ASTANA – The first day of the Astana Club, a platform to discuss the most pressing issues on the global and regional agenda, kicked off in the Kazakh capital on Dec. 11. Rising economic fragmentation, the future of Central Asia and Afghanistan and what stands ahead for the Middle East were among the topics on the agenda.
This year’s edition convened more than 40 speakers, including from Belgium, China, India, Russia, Spain, Türkiye and the United States, among others. Organized by the Institute of World Economics and Politics (IWEP) since 2015, the mission of the Astana Club is to explore global trends and suggest solutions to the challenges facing Eurasia and beyond.
While the world may be torn by crises and turbulence, Kazakhstan has economic opportunities to capitalize on, but only if it makes the right economic and investment decisions, said Vice President for Studies at Washington-based Carnegie Endowment for International Peace Evan Feigenbaum.
“There can be some very considerable opportunities notwithstanding the risks,” Feigenbaum told The Astana Times.

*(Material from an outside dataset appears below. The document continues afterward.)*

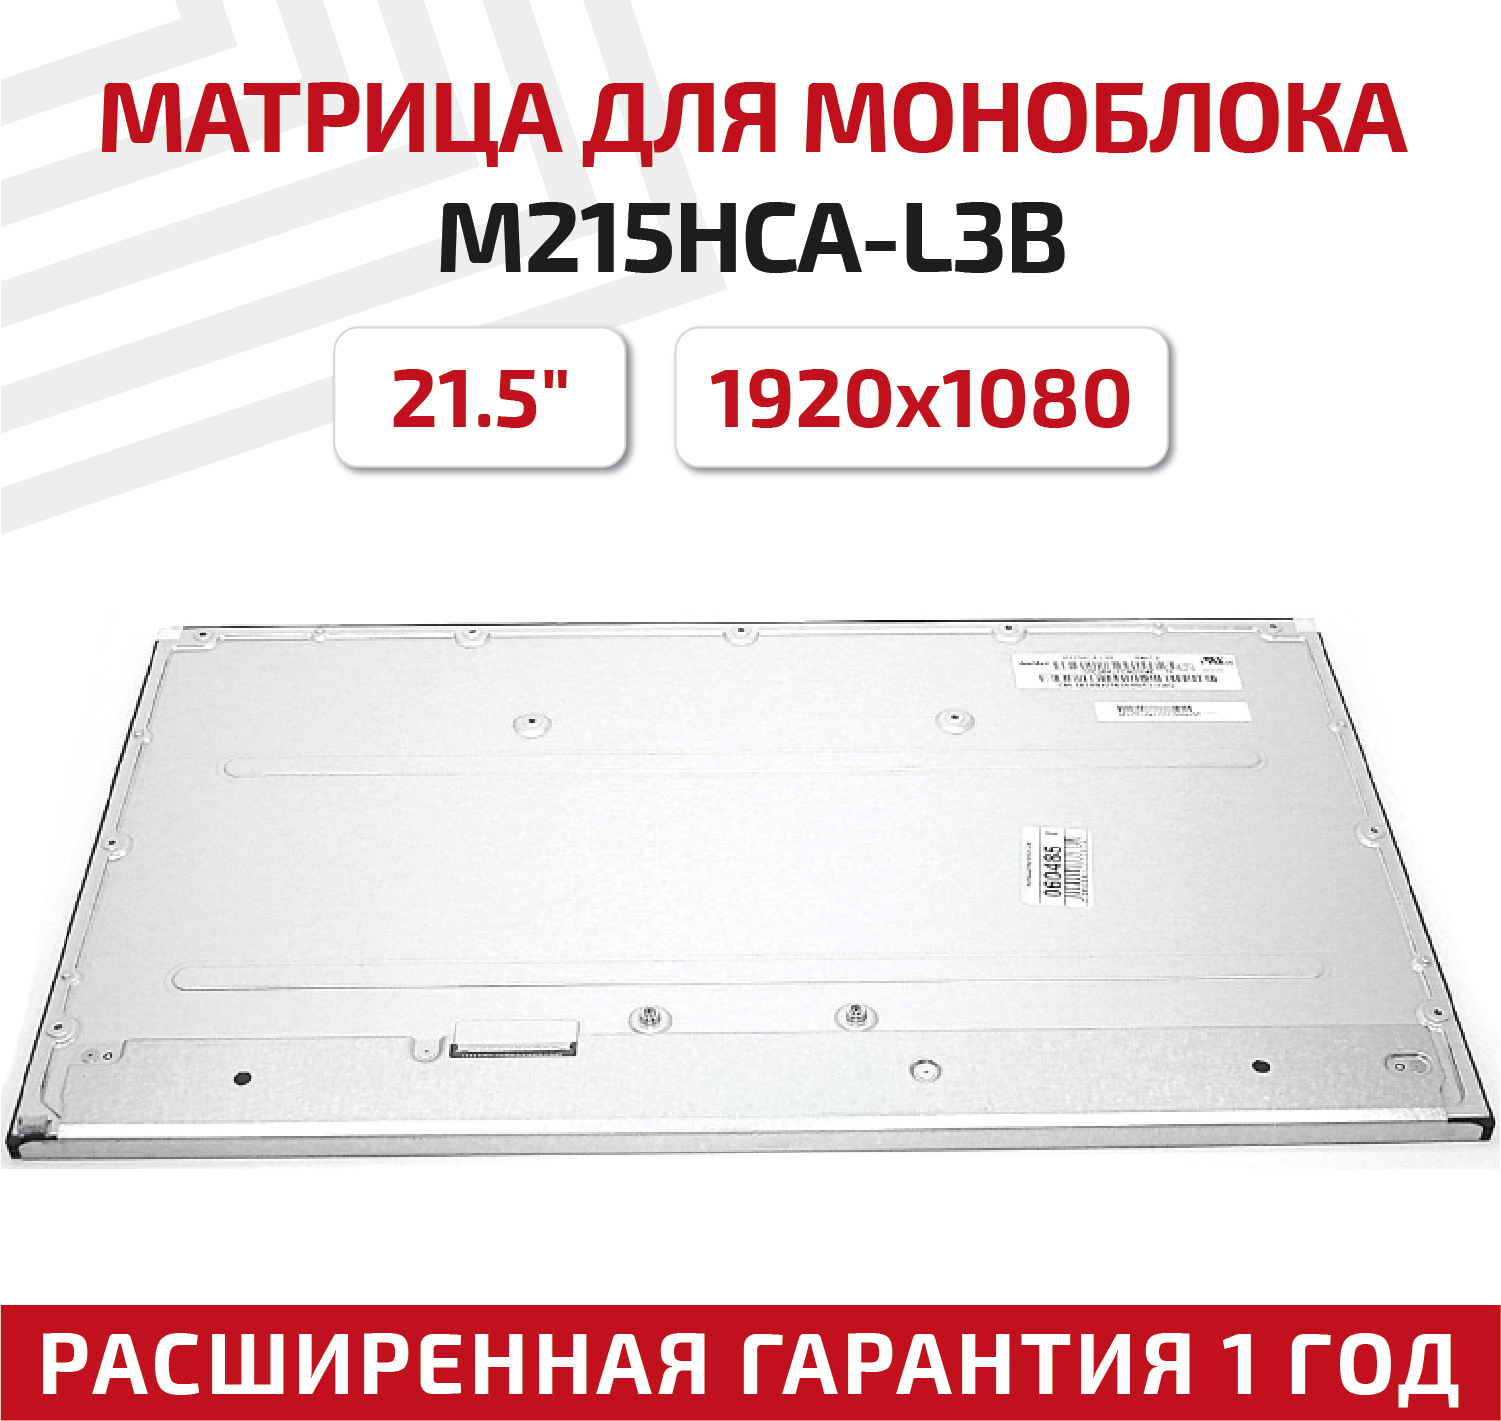 Матрица для моноблока M215HCA-L3B 21.5" 1920x1080 30pin светодиодная (LED) матовая

He said the world witnesses a transition from one that many people thought was about economic opportunities and economic integration toward a world that is increasingly about security, fragmentation, and conflict among countries.
“That has big implications for Kazakhstan, which has big ambitions for economic development,” he added.
“There are a lot of multinational companies that are leaving Russia, but looking for opportunities first to situate headquarters, but for an investment-friendly climate, to base their operations, so actually out of geopolitical turbulence between Russia and the West is an opportunity for Kazakhstan to attract more investment, and also for multinational companies to headquarter,” said Feigenbaum.
Data from the Kazakh Foreign Ministry indicated, as of May, 25 companies from Russia have relocated their operations to Kazakhstan, and more followed them later.
On the same note, Kazakhstan also benefits from Chinese investments. China is among the top five largest investors in the Kazakh economy.
“For Kazakhstan’s own development, it is important to extract more of the value added and have China leave investment in Kazakhstan that creates more jobs and opportunities for people in Kazakhstan,” he added.
Initially an academic with a PhD in Chinese politics from Stanford University, Feigenbaum also shared his insights into the developments in Asia. According to him, the tension between economic integration and security fragmentation is a big challenge.
“I think the answer to that is in part for countries to navigate that competition between the United States and China by working together sometimes without the United States and China to build economic agreements, trade deals, pacts that really set the region on a course where economics rather than security drives the future,” he said, highlighting the Comprehensive and Progressive Agreement for Trans-Pacific Partnership, as an example.
Rae Kwon Chung, Nobel Peace Prize Laureate of 2007 and member of the UN Intergovernmental Panel on Climate Change (IPCC), said Central Asia is facing increasing risks from climate change.
“Central Asia is now expected to be suffering the most severe climate disaster because the expected temperature rise will be quite high in Central Asia, the Middle East and North Africa. These are the regions where the most of the impact of climate change will be the hardest, including Kazakhstan,” he said in a comment for this story, warning that Kazakhstan has to be prepared.
The nation, which has heavily relied on fossil fuels for years, committed to achieving carbon neutrality by 2060.
At the 2023 United Nations Climate Change Conference, more known as COP28, Kazakhstan also voiced key initiatives, including joining the Global Methane Pledge, a voluntary agreement by more than 150 countries to cut their methane emissions by 30% by 2030. The nation also inked substantial renewable energy deals.
“Making a pledge is easy, but taking action is a different story not only for Kazakhstan but for many countries. We have been making pledges throughout the last three decades of climate history, but we have been failing to keep and deliver our promises. We have to focus more on how we can actually take action,” said Rae Kwon Chung.